Dear Atlassian Judges,

My name is Thao, and I’m one of the developers behind this app. Thank you for giving us the opportunity to share our pain points as Atlassian users and to showcase our idea. We have learnt so much throughout this hackathon.

We fully understand that our developing app, in its current state, has limitations given the very limited time span to learn everything about the Atlassian Forge platform from scratch. Our main goal was to deliver a working solution that clearly demonstrates how we can better works with comments. As long‑time Confluence users (personally, I’ve been using Confluence for years), we genuinely believe our Heatmap hackathon idea can benefit many of your customers.

Our original plan was to integrate AI capabilities (Rovo) so that the most important sections could be identified through intelligent analysis rather than a simple comment‑count–based approach.
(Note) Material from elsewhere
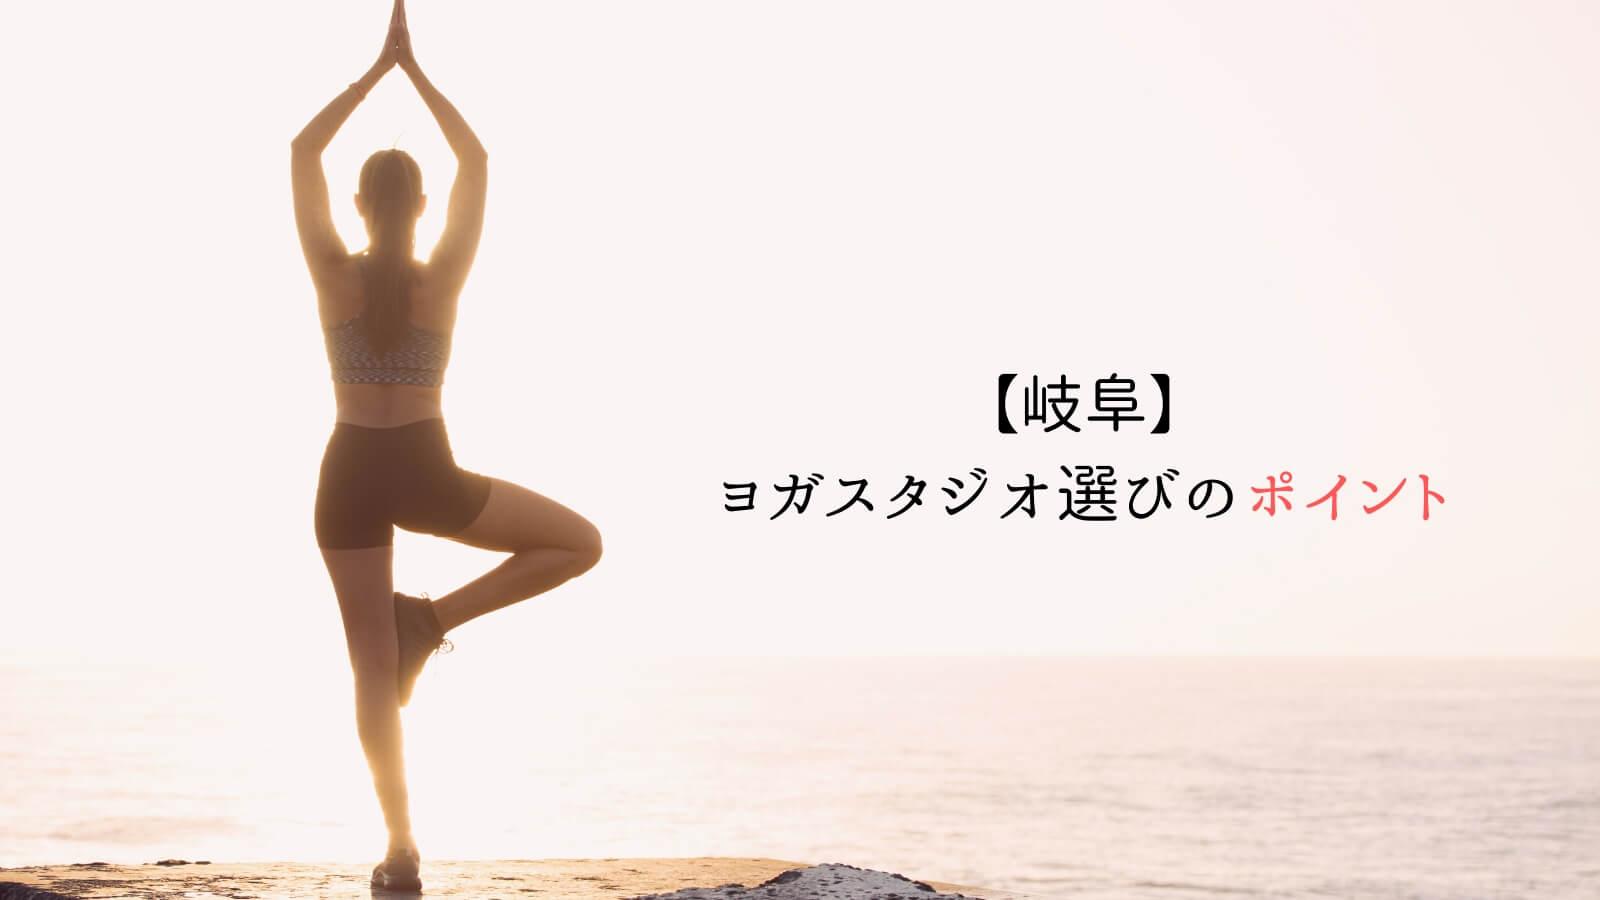 岐阜のヨガスタジオ選びのポイント
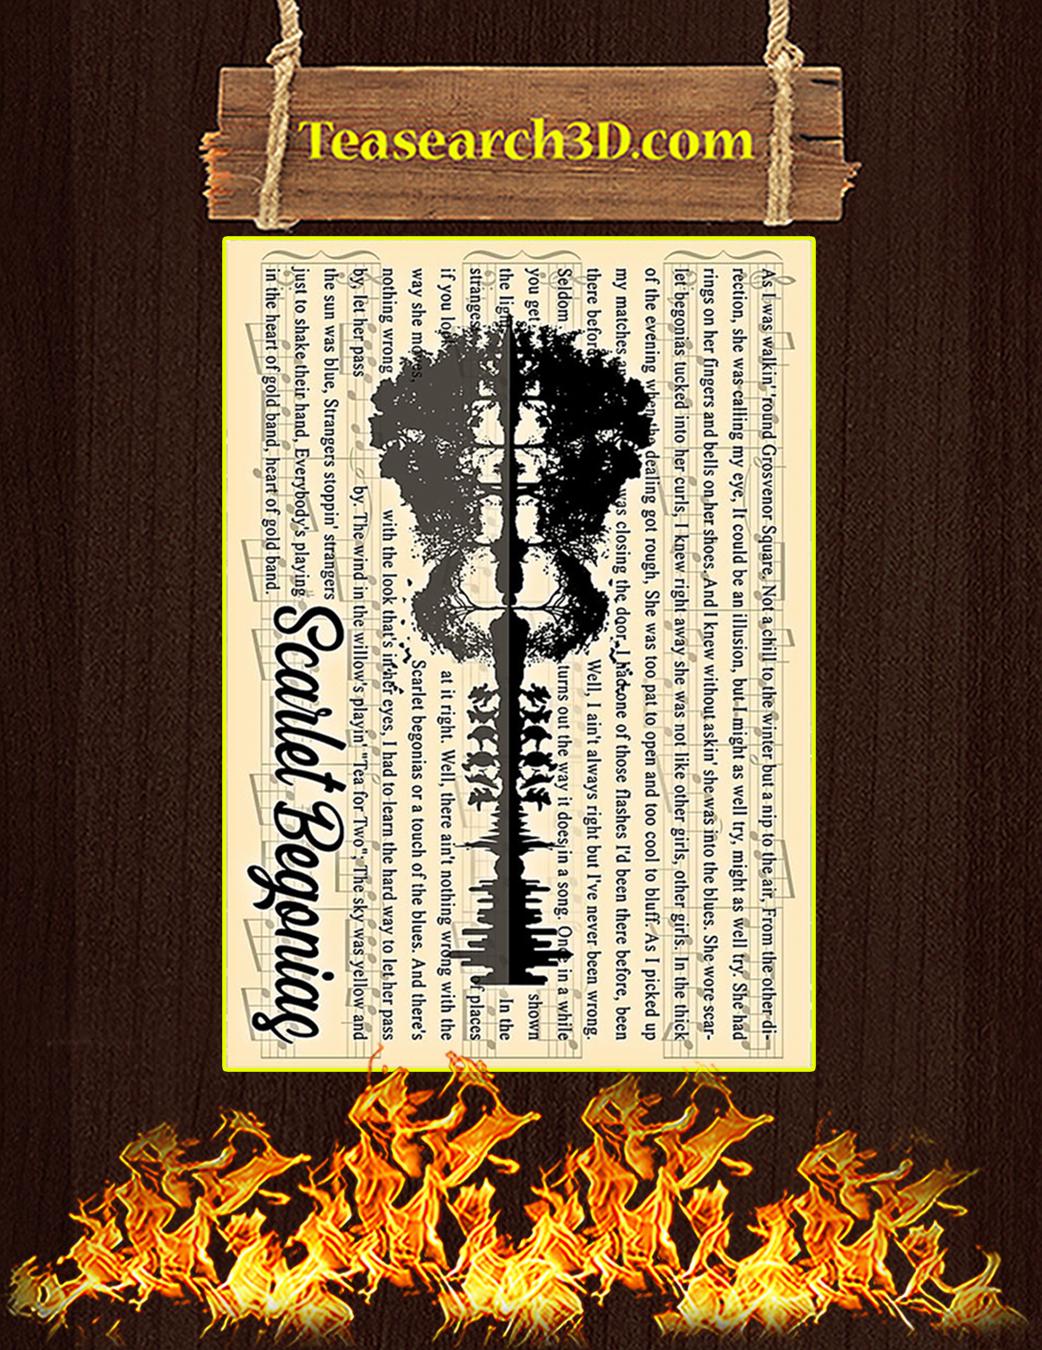 Grateful Dead Scarlet Begonias Poster A1

However, at the moment, Rovo APIs, SDKs, and modules are still quite limited within the Confluence full‑page module, which constrained what we could realistically implement. However, we strongly believe rovo implementation is an area that will continue to evolve, and that deeper Rovo integration will become much easier and more powerful in the future for developers' applications.

While the idea is still raw, we believe it is both practical and impactful. We hope the Atlassian team can see the potential here, and how powerful this could be if it becomes a core feature within Confluence.

Thank you again for your time and consideration. I hope everyone is enjoying quality time with their loved ones this festive season.